Safe haven Treasurys sold off in the meantime, with futures on the 10-year note losing more than 6% in the one year after the first cuts in 1995 and 1998. Gold performance was flat back then, whereas the greenback rose more than 5% on average.
“After other ‘midcycle adjustments,’ presumably referencing 1995 and 1998, the Fed was actually able to subsequently raise rates,” Matthew Luzzetti, Deutsche Bank’s chief U.S. economist said in a note. “[Powell’s] point was more that such ‘adjustments’ have the potential to put the economy on a firmer footing, perhaps warranting higher rates in the future.”
The Fed lowered its benchmark rate by a quarter point Wednesday, the first rate cut by the central bank since December 2008. Powell cautioned against assuming that this week’s cut is the beginning of the cycles that happened in the past.
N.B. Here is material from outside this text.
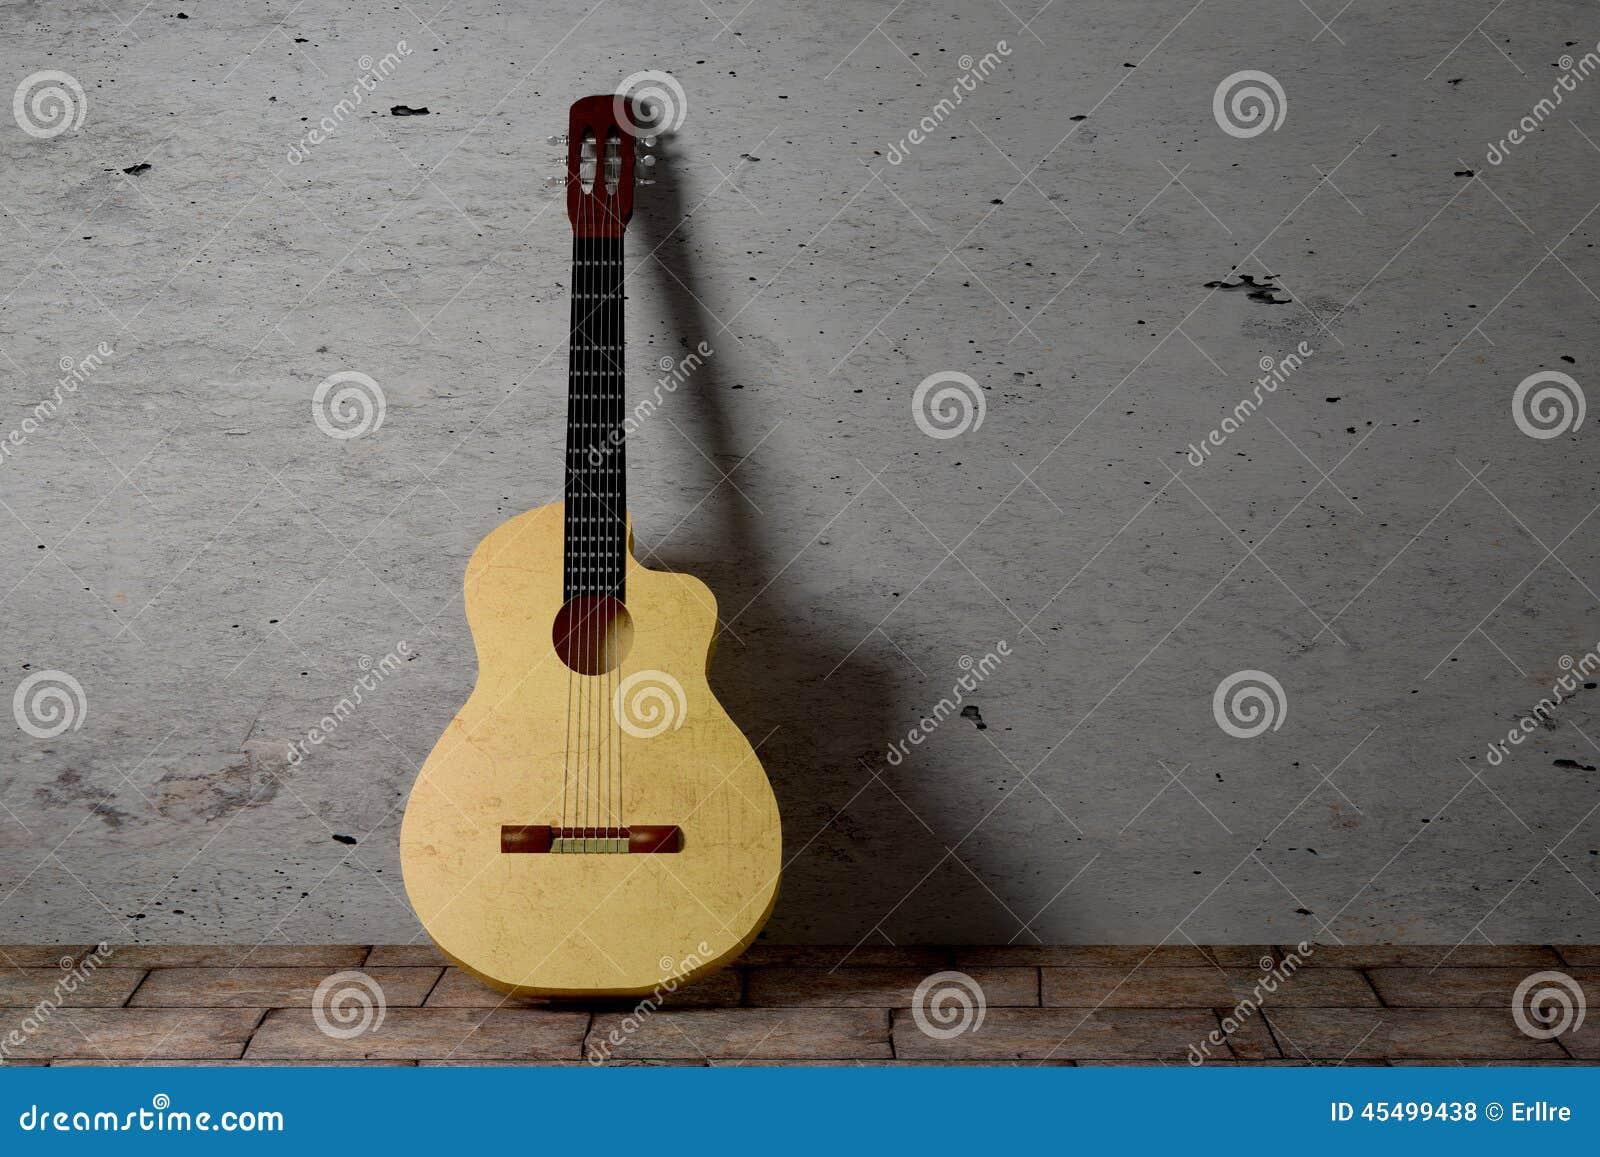 佛拉明柯舞曲吉他
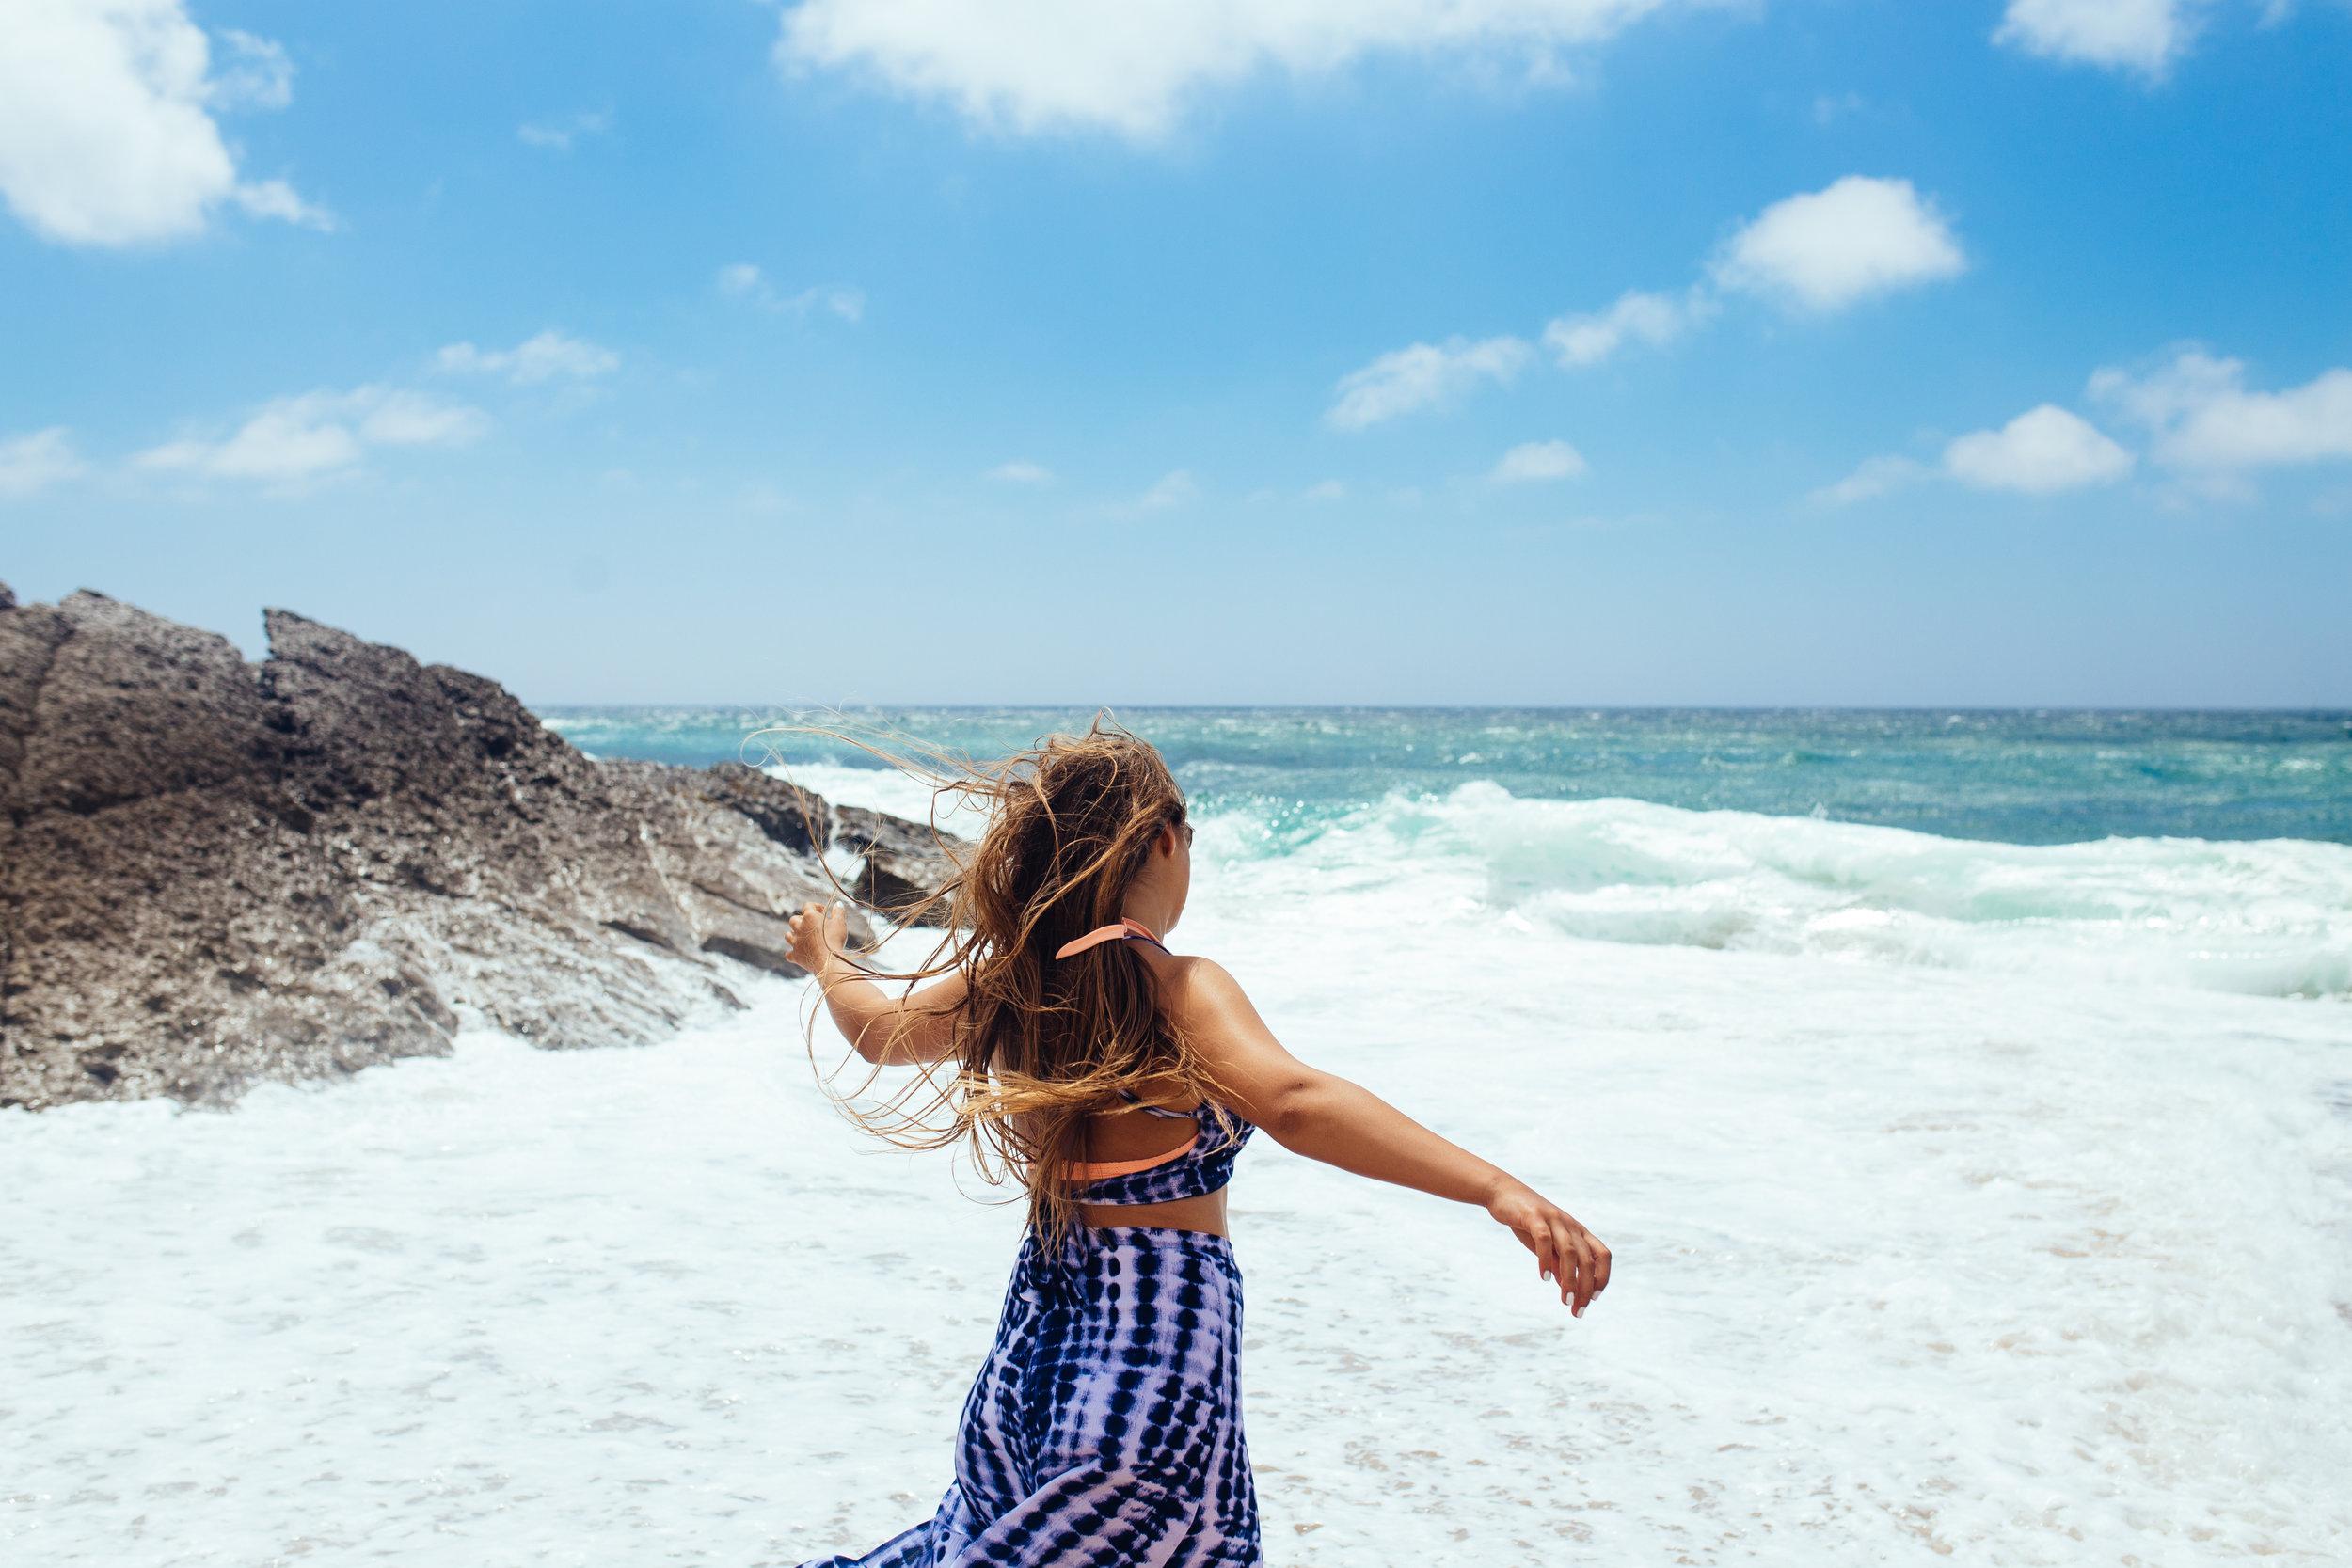 Lena in Forever 21 - Praia do Guincho - AROSE TRAVELS

Those comments from Powell caused the Dow to drop more than 300 points on Wednesday. But perhaps traders were reassessing the move on Thursday as stocks bounced back with the Dow up nearly 200 points.
“The Chair was trying to point to the insurance cutting episodes of 1995 and 1998, where the committee reduced the policy rate 75bp on two separate occasions,” Michael Gapen, chief U.S. economist at Barclays, said in a note. “We read his comment that he does not see a prolonged rate cutting cycle was clearly related to recession risks and the likelihood the Fed has taken the first step that will end at the zero lower bound.”
To be sure, there are still key differences between now and then that could diminish the impact of a midcycle adjustment. For one, the current expansion is now in the 11th year, the longest in U.S. history, which might need a little more stimulus than before.
“With the 1995 analogy of a midcycle cut in rates, people have to remember that it was just four years into an economic expansion, not 10 plus that we are in now,” said Peter Boockvar, chief investment officer at Bleakley Advisory Group. “Hope springs eternal when faith in the Fed is as high as it was.”